VEN upgrade failed resulting in VEN being uninstalled (E-65979)
This issue is resolved. A failed upgrade can no longer result in the VEN being uninstalled.
Resolved Issues in Core 19.3.1+H4
Upgrading PCE Supercluster to 19.3.1 affected VEN pairing (E-67428)
After upgrading a PCE Supercluster deployment to 19.3.1, newly installed VENs failed to pair with the PCE. The PCE returned an HTTP 500 error when VENs attempted to pair with it. Eventually, the VENs did successfully pair. This issue is resolved. Upgrading the PCE to 19.3.1 no longer causes VENs to initially fail to pair or the PCE to return an HTTP 500 error.
Event exception appeared in the logs (E-67188) The following exception could appear in the logs:
Exception: ERROR: column "timestamp" is of type timestamp without time zone but expression is of type character varying
This exception could also cause PCE event pruning to fail. This issue occurred because the order of the timestamp column in the PCE database tables changed between releases. This issue is resolved. The timestamp column exception no longer appears in the logs or affects event pruning.
PCE Resolved Issues in 19.3.1
Adding more than 25 labels to a label group required multiple steps (E-64818)
When creating a label group, you use the drop down list in the Add Member tab to select the labels you want to be part of the group. The list showed a maximum of 25 labels, even when more than 25 labels existed. This happened because the internal API that populates this list had a limit of 25 items. This issue is resolved. List that have more than 25 labels are correctly displayed in the PCE web console.

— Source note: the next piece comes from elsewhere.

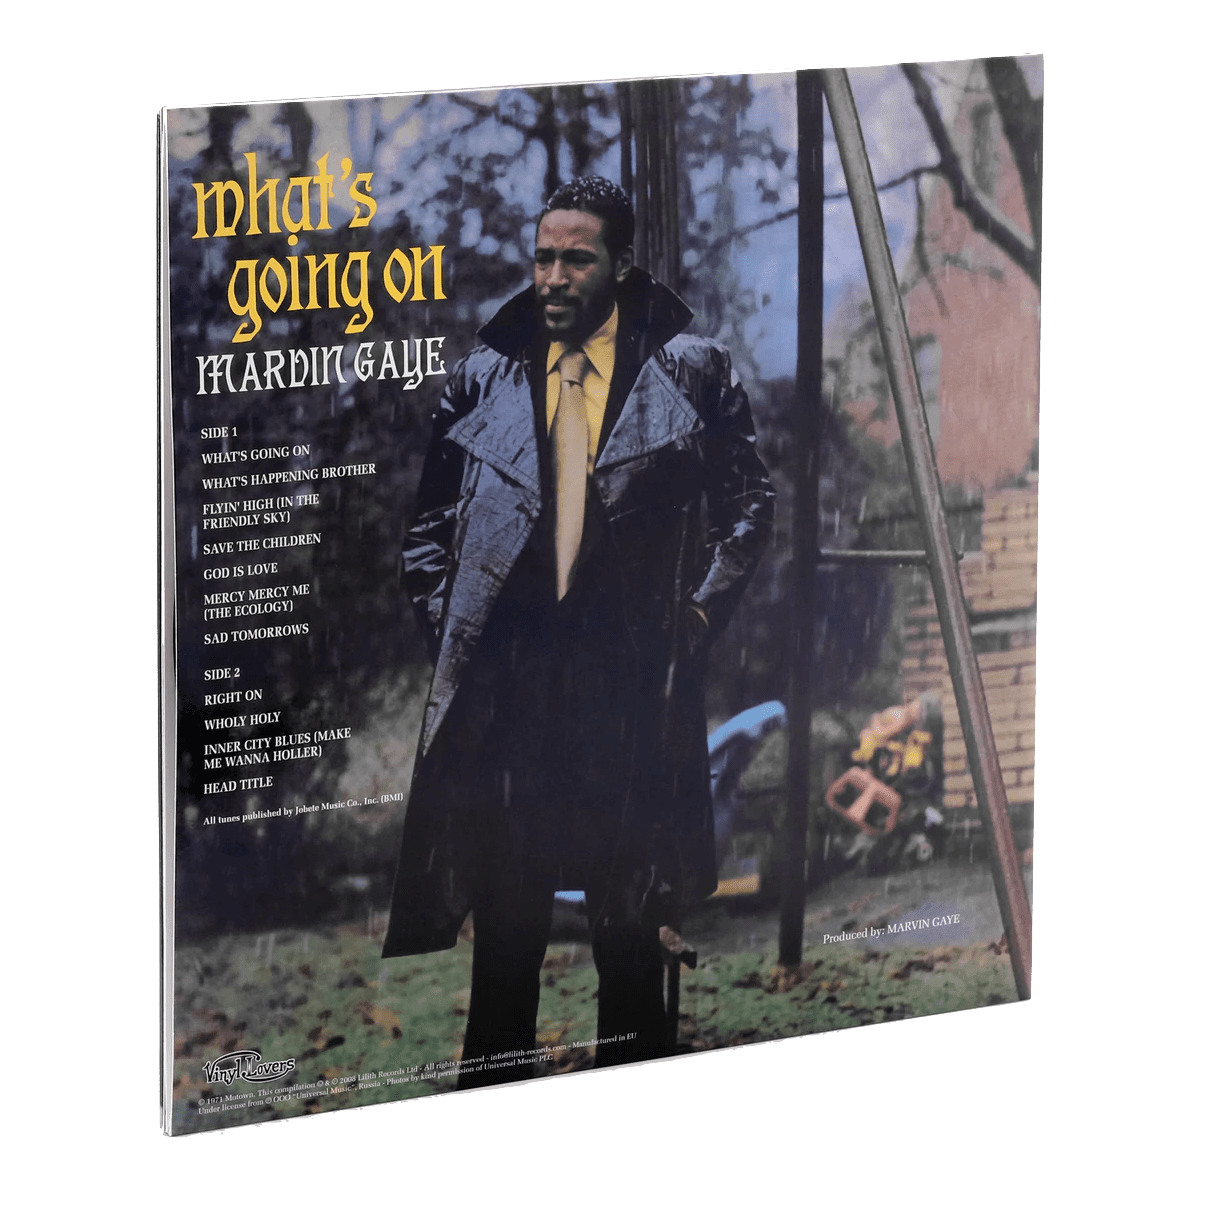 Marvin Gaye - What's Going On (Limited Edition Import, Gatefold, Remastered, 180 Gram, Swamp Green Vinyl) (LP) - Joco Records

PCE does not provide feedback when a user labels a new workload (E-60188, E-64996) When a user is assigned the Workload Manager role with a defined scope, the PCE did not provide feedback when the user attempted to label a new workload outside their assigned scopes. When clicking Save, nothing happened and no warnings were provided. This issue has been resolved.
Manually modifying CSRF token in HTTP request resulted in 500 error (E-61217)
Manually modifying CSRF token resulted in a 500 Internal Server error when the PCE should have returned a 400 error. This was a usability issue only. This issue is now resolved.
• • • • • • • • •
PCE failed to start following upgrade to 19.3.x (E-61753)
The PCE failed to start following an upgrade to 19.3.x with the following error: ERROR: Consul migration failed. See consul_migration.log file for details.
You needed to re-run the illumio-pce-ctl start command on all nodes to workaround the issue. This issue is resolved.
Unable to clear traffic counter for an App Group in the SaaS Illumination map (E-63273) Clearing the traffic counter for an App Group in the Illumination map displayed a 502 Bad Gateway error message. Caused by sharding of data across multiple Redis instances in the Illumio Secure Cloud instance. There is a single Redis instance in on-premises installations, so the issue does not arise there. This issue is resolved.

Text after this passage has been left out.